Top o' the world, ma

With a new LP in hand, TopR keeps "puttin' squares in their place like Tetris"
The famed Topr (left)

My ex-girlfriend hipped me to TopR, short for Top Ramen, around 2003. We were driving in her car, and she cracked open the newly released Burning the Candle at Both Ends (Earthlings/DWA) and slid it into the dash. I'd like to say it changed my life, but to be honest, I can't remember it. I do remember that she described TopR as this homeless, couch-surfing rapper who'd slept on her previous boyfriend's couch. It was classic case of his reputation and lifestyle preceding his music.

Later I met TopR — or Topper Holiday, as he's ceased using his first name — at 111 Minna Gallery, where I still work a side gig as a doorman. Throughout my years there he's been a semiregular fixture, posted at the end of the bar, skeezing free drinks. He's well loved but has this Dennis the Menace air surrounding him, like, "Oh, Topper's here. Here comes trouble." One night in Minna alley, I remember him — a big, bescruffed white dude in a fitted New Era cap, somewhat rotund and more than a little faded — striking up a conversation with some bland, buttoned-down types, telling them he was a rapper and following up with a drunken freestyle. I came away feeling that it was a little sad, like he was busking in a BART station, trying to impress the squares.

"Fuck being glamorous — I'm cantankerous." So goes the first line on "Frankenstein's Topster," the opener off his latest, fifth album, Marathon of Shame (Gurp City). It was playing when I walked into Dalva on 16th Street to say hello to my friend Toph One and reintroduce myself to TopR. And quite a reintroduction it was: even before Top starts rapping, the track is a fucking winner, anchored by a sample of Black Sabbath's "A National Acrobat," the driving guitar riff married to an überfunky drumbeat by producer Dick Nasty.

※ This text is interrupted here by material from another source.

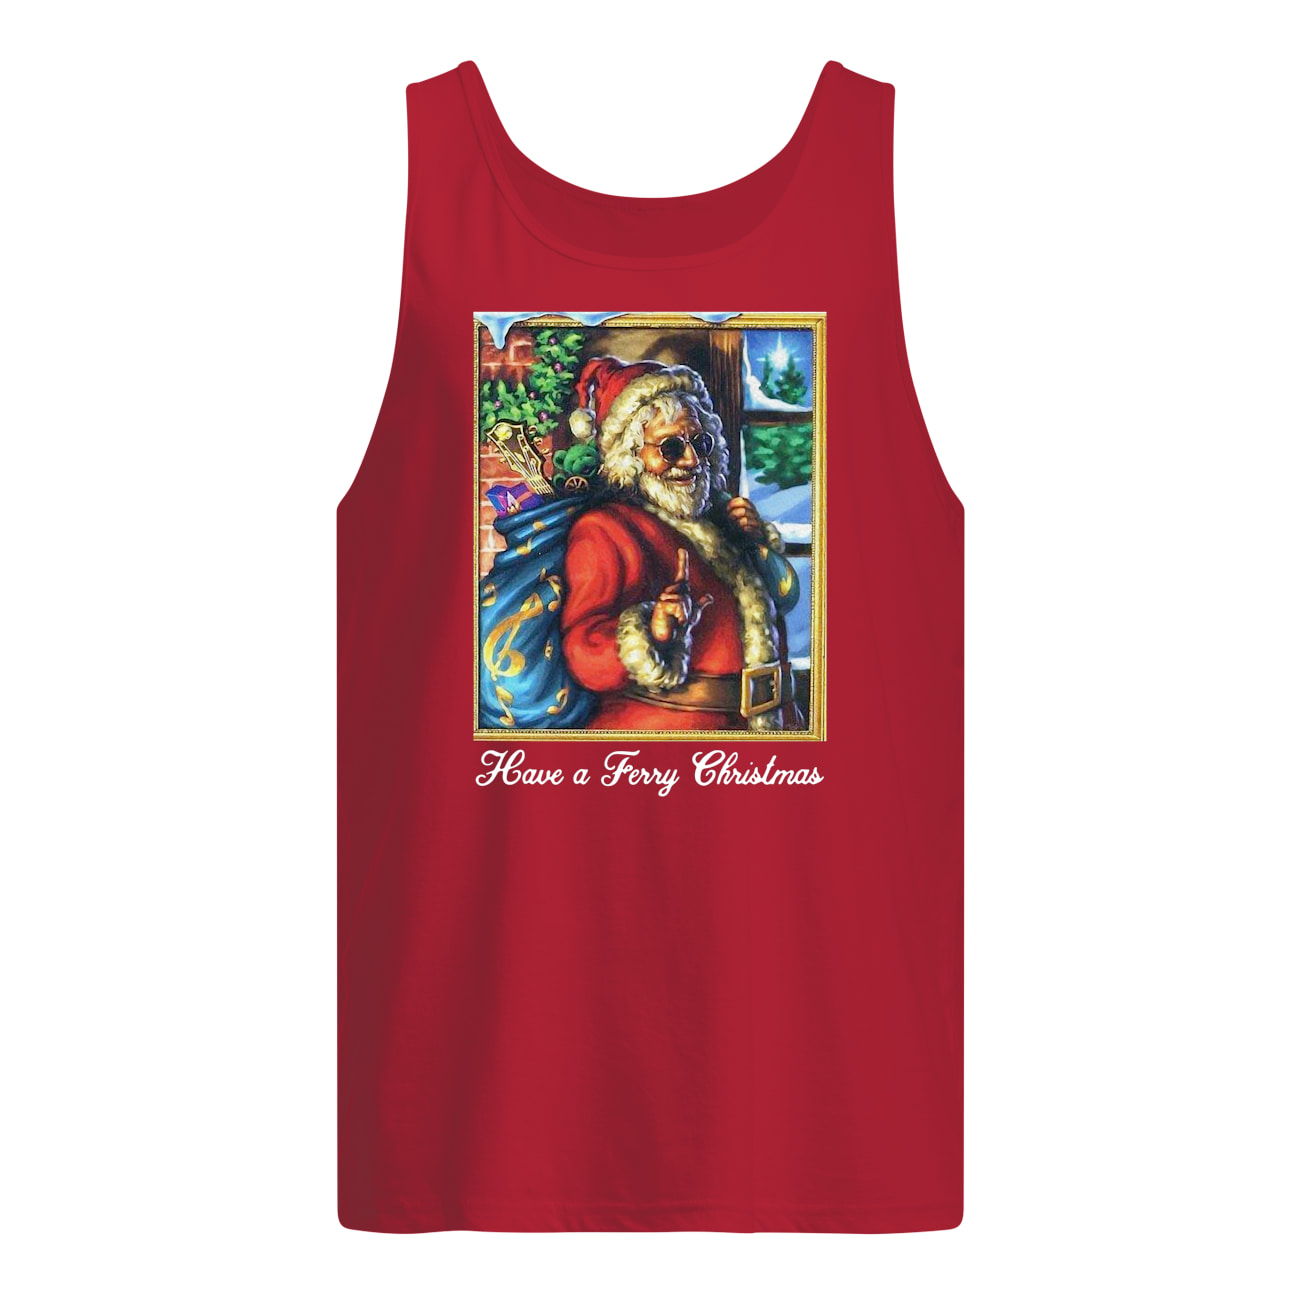 Santa claus have a ferry christmas tank top
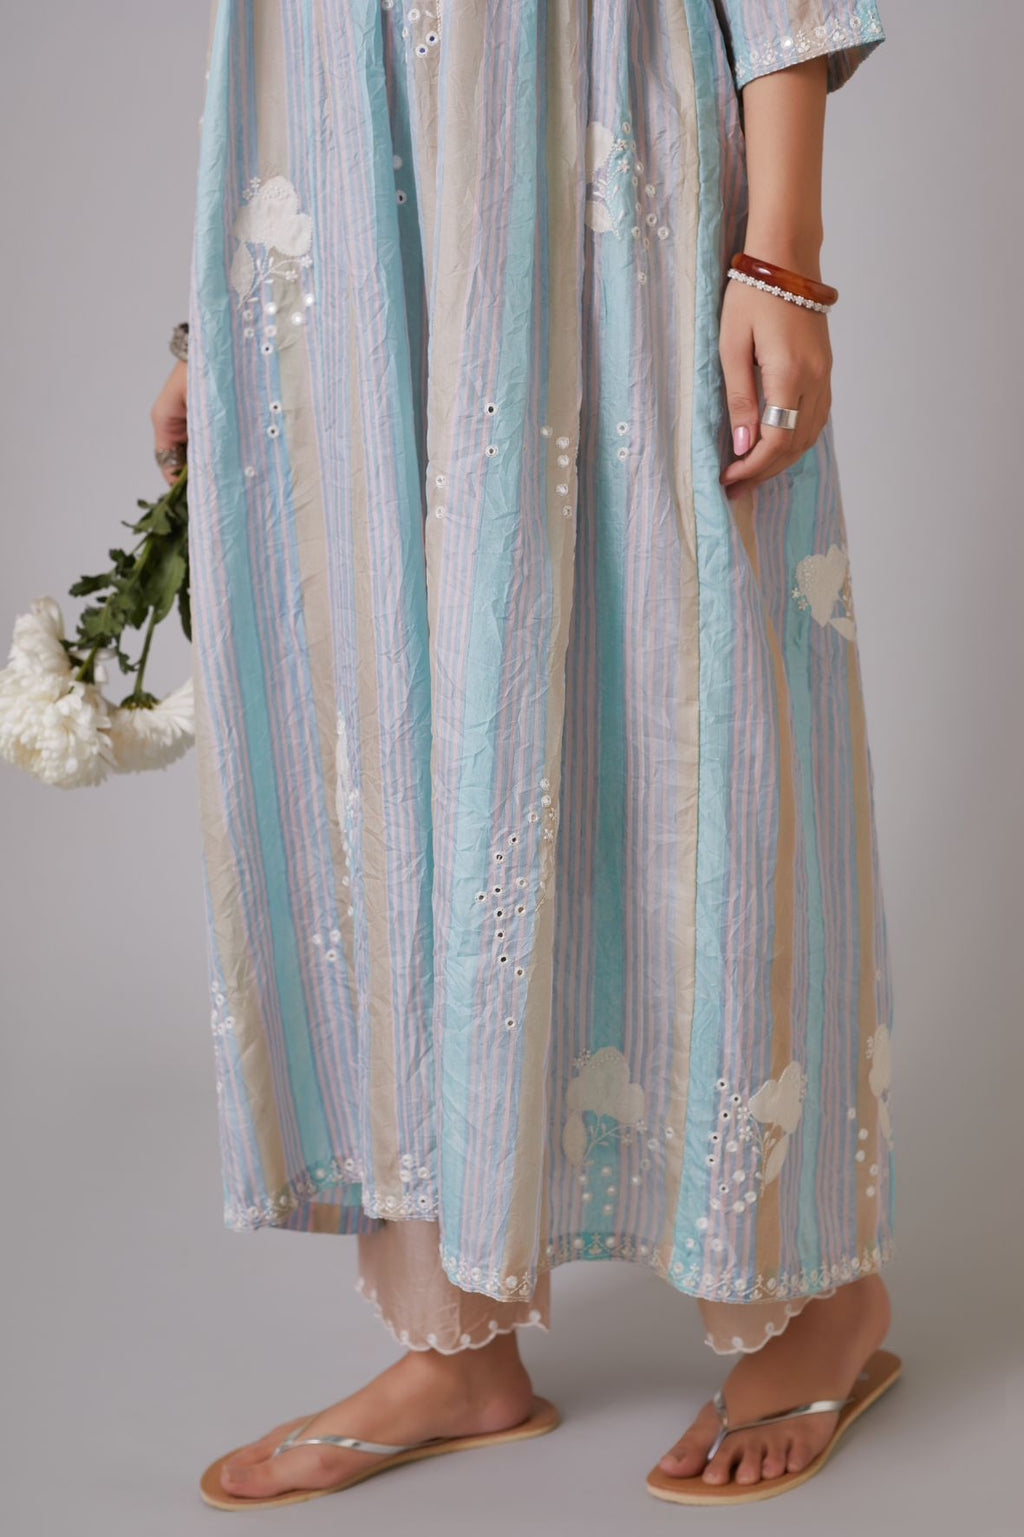 Multi striped hand-crushed silk kurta set with wavy empire waistline and gathers, highlighted with applique flower embroidery and mirror hand work.

A good hip-hop album is like a good comedy record: the shit's got to be so sharp that you want to listen to it more than once, want to scan back on the CD and point out lines to your friends who are riding with you. In Top's case it's an apt comparison since he's influenced by stand-up comedians as much as by other rappers and samples Sam Kinison and Bill Hicks on his previous disc, Cheap Laughs for Dead Comedians (Gurp City, 2006). Marathon is packed with lines that'll make other rappers wish they'd written them, from favorite one-liners like "Puttin' squares in their place like Tetris" to heartfelt couplets such as "I don't want to fit into this banality factory / Where together we can all make profit from tragedy."

It stands to reason that TopR can come up with witty rhymes: he's been rapping since he was 12. Now 30, he gained his rep as a battle rapper at parties and clubs. "From '93 until 2000 all I did was battle," he says over a pint at the Richmond District's 540 Club. "I didn't record music. I didn't put out anything. I just made a reputation for myself through battling. If I was putting out albums in '95, '96, I might've been an actual artist like Living Legends, Atmosphere, and Hieroglyphics. You can only be a battle rapper for so long. After a while there's not very much creative outlet for it. You can only make fun of someone for so long before you actually want to express your real problems and your real feelings about life.